The PIO interface is grouped into different modes that correspond to different transfer rates. The electrical signaling among the
different modes is similar — only the cycle time between transactions is reduced in order to achieve a higher transfer rate
The PIO modes require a great deal of CPU overhead to configure a data transaction and transfer the data. Because of this
inefficiency, the DMA (and eventually UDMA) interface was created to increase performance. The simple digital logic required to
implement a PIO transfer still makes this transfer method useful today, especially if high transfer rates are not required like in
embedded systems, or with FPGA chips where PIO mode can be used without significant performance loss.
Interrupt driven I/O

Is a way of controlling input/output activity in which a peripheral or terminal that needs to make or receive a data transfer sends a
signal that causes a program interrupt to be set.
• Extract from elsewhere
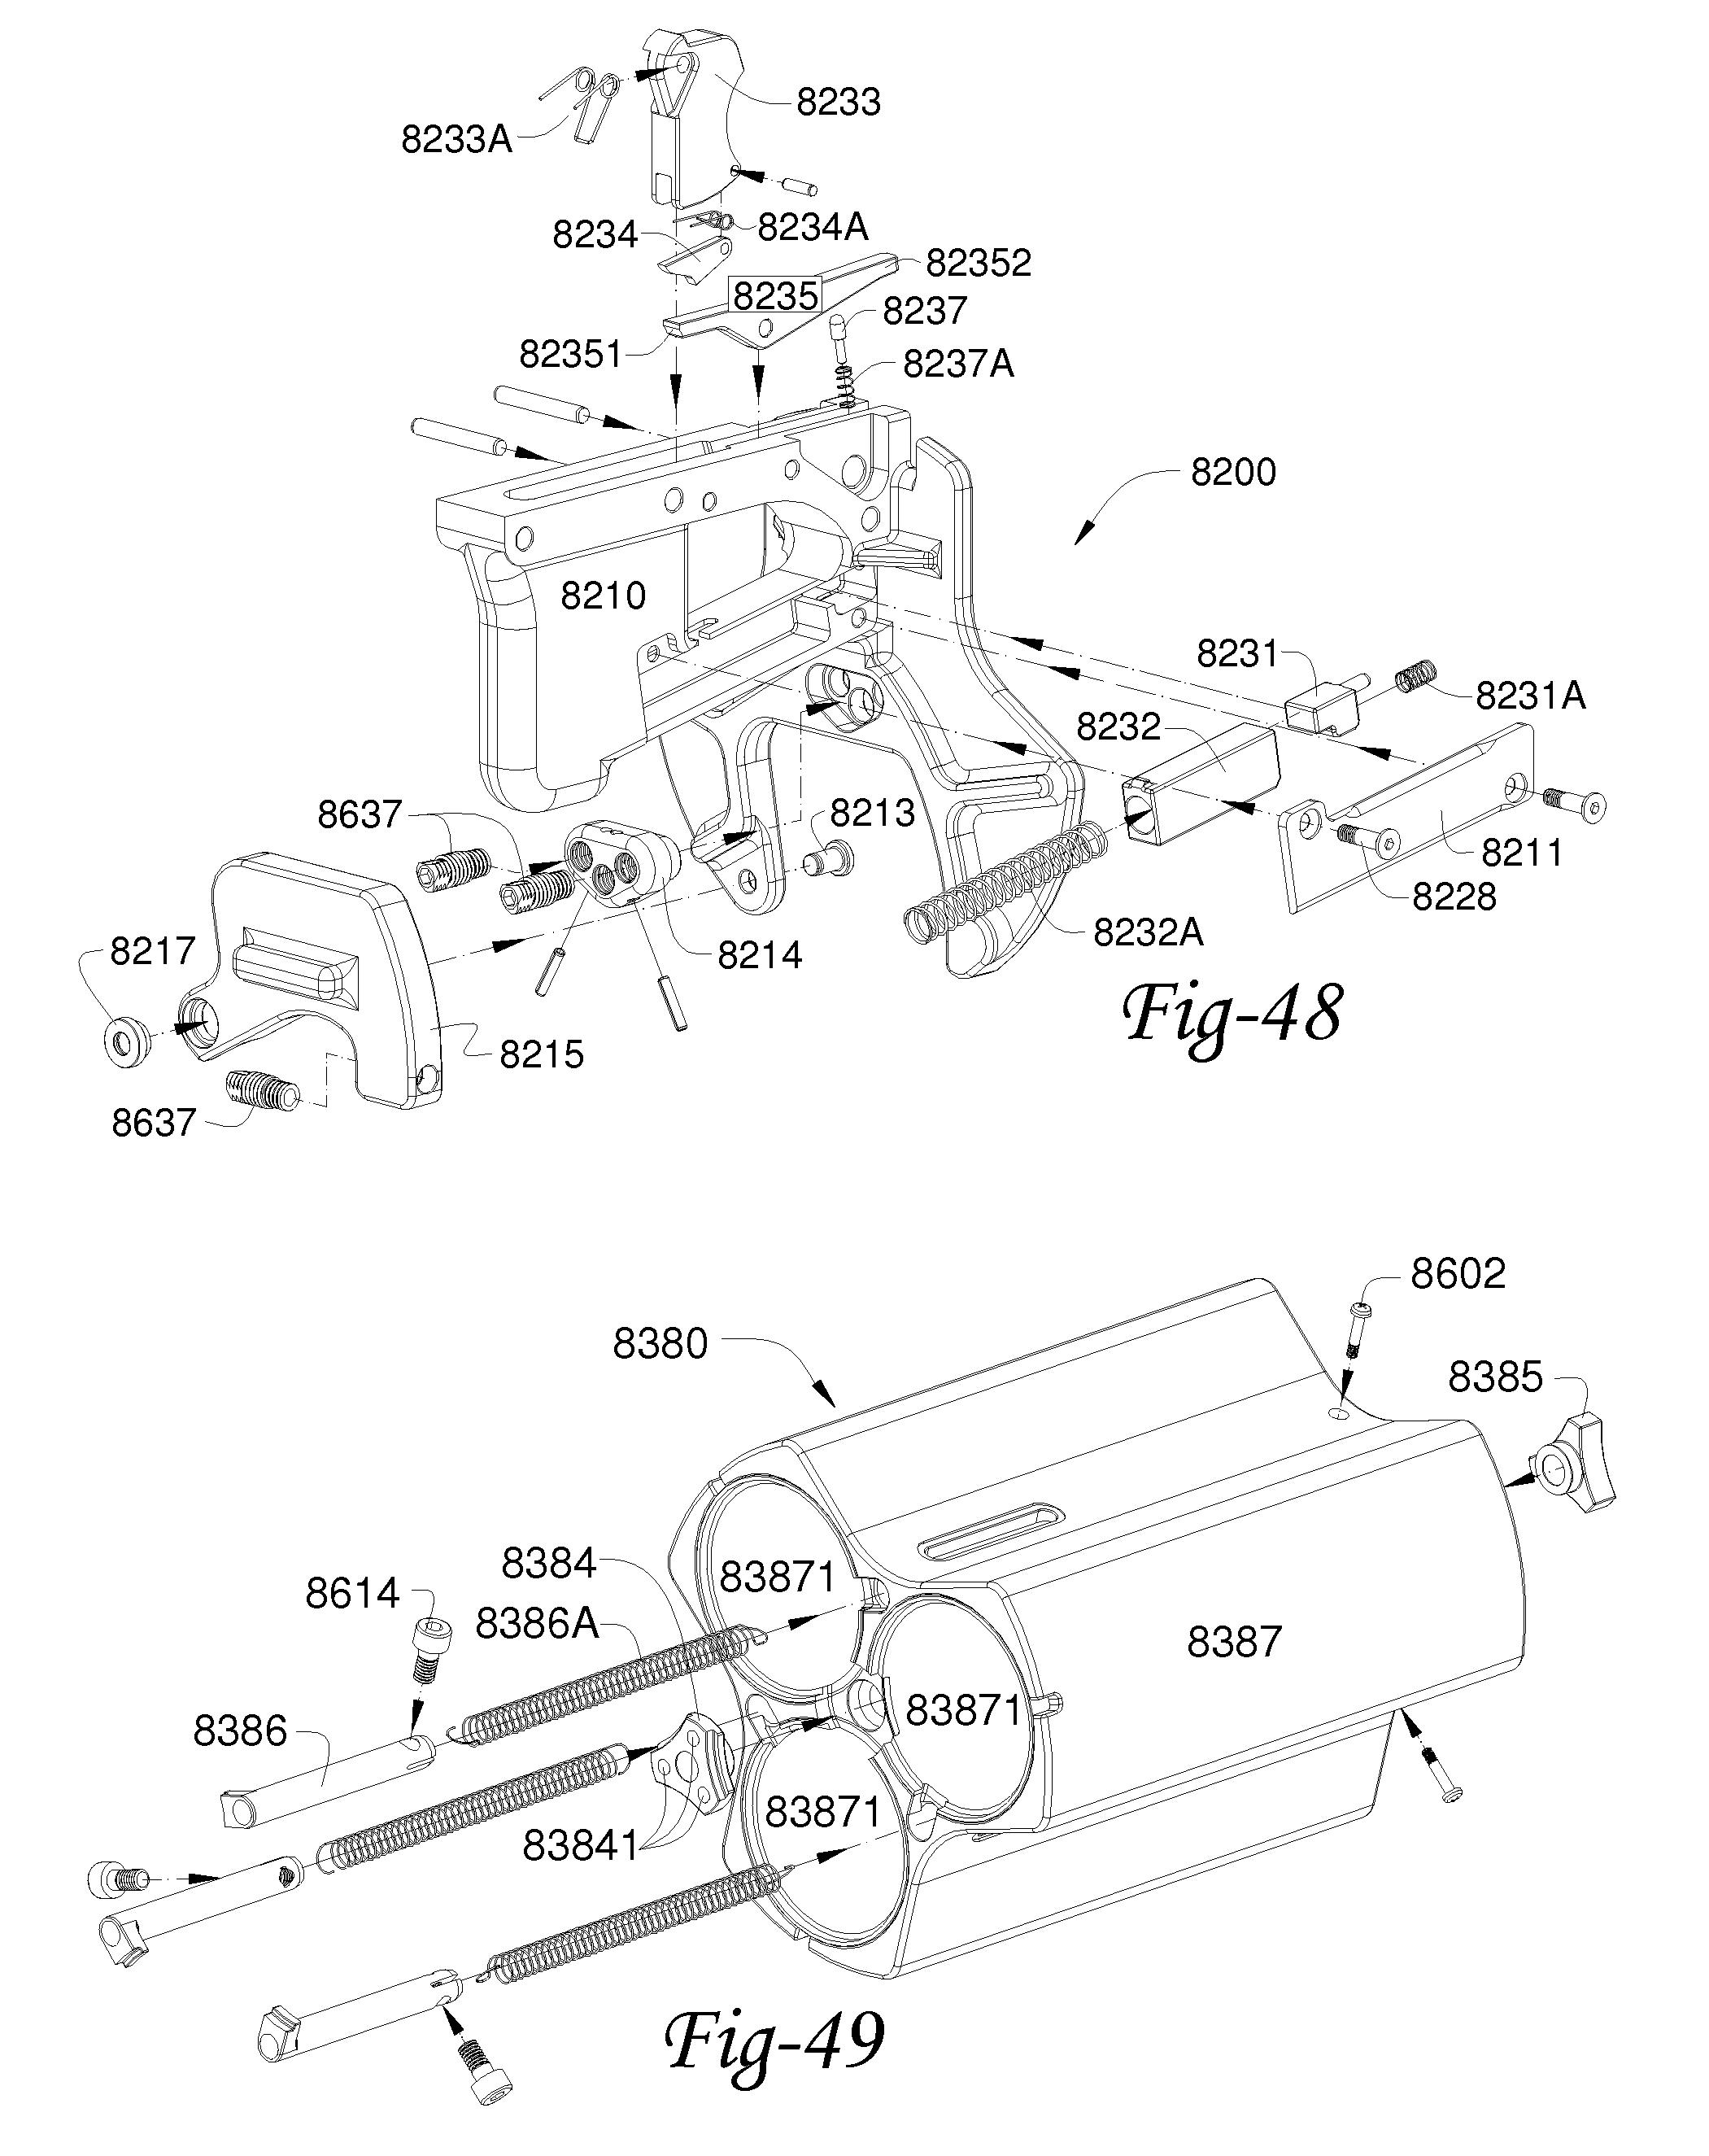 Remington 1100 trigger diagram free download wiring diagrams

At a time appropriate to the priority level of the I/O interrupt, relative to the total
interrupt system, the processor enters an interrupt service routine (ISR). The function of the routine will depend upon the system of
interrupt levels and priorities that is implemented in the processor.
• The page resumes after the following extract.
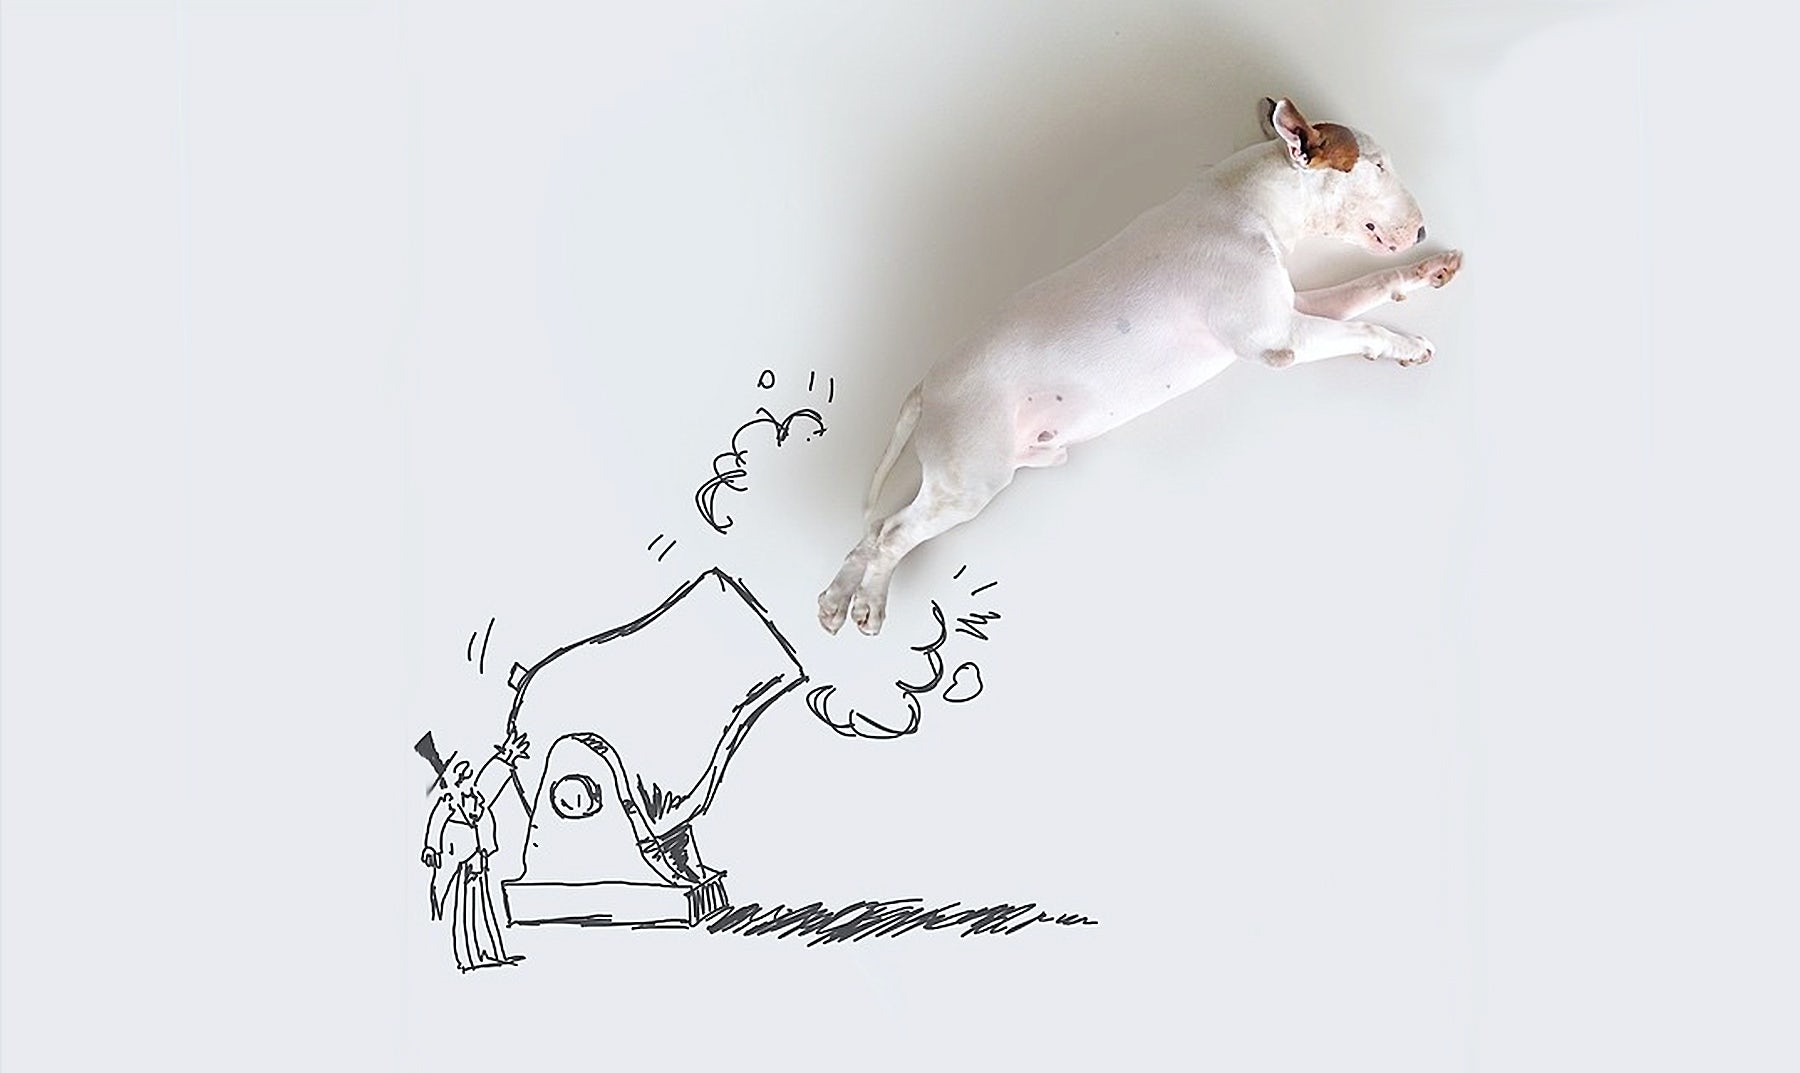 Rafael Mantesso illustration of Jimmy Choo the dog | Source: Rafael Mantesso

In a single-level single-priority system there is only a single I/O interrupt – the logical OR of all the connected I/O devices. The
associated interrupt service routine polls the peripherals to find the one with the interrupt status set.
Handshaking
Handshaking is a I/O control method to synchronize I/O devices with the microprocessor. As many I/O devices accepts or release
information at a much slower rate than the microprocessor, this method is used to control the microprocessor to work with a I/O
device at the I/O devices data transfer rate.
Handshaking is an automated process of negotiation that dynamically sets parameters of a communications channel established
between two entities before normal communication over the channel begins. It follows the physical establishment of the channel
and precedes normal information transfer. The handshaking process usually takes place in order to establish rules for
communication when a computer sets about communicating with a foreign device. When a computer communicates with another
device like a modem, printer, or network server, it needs to handshake with it to establish a connection.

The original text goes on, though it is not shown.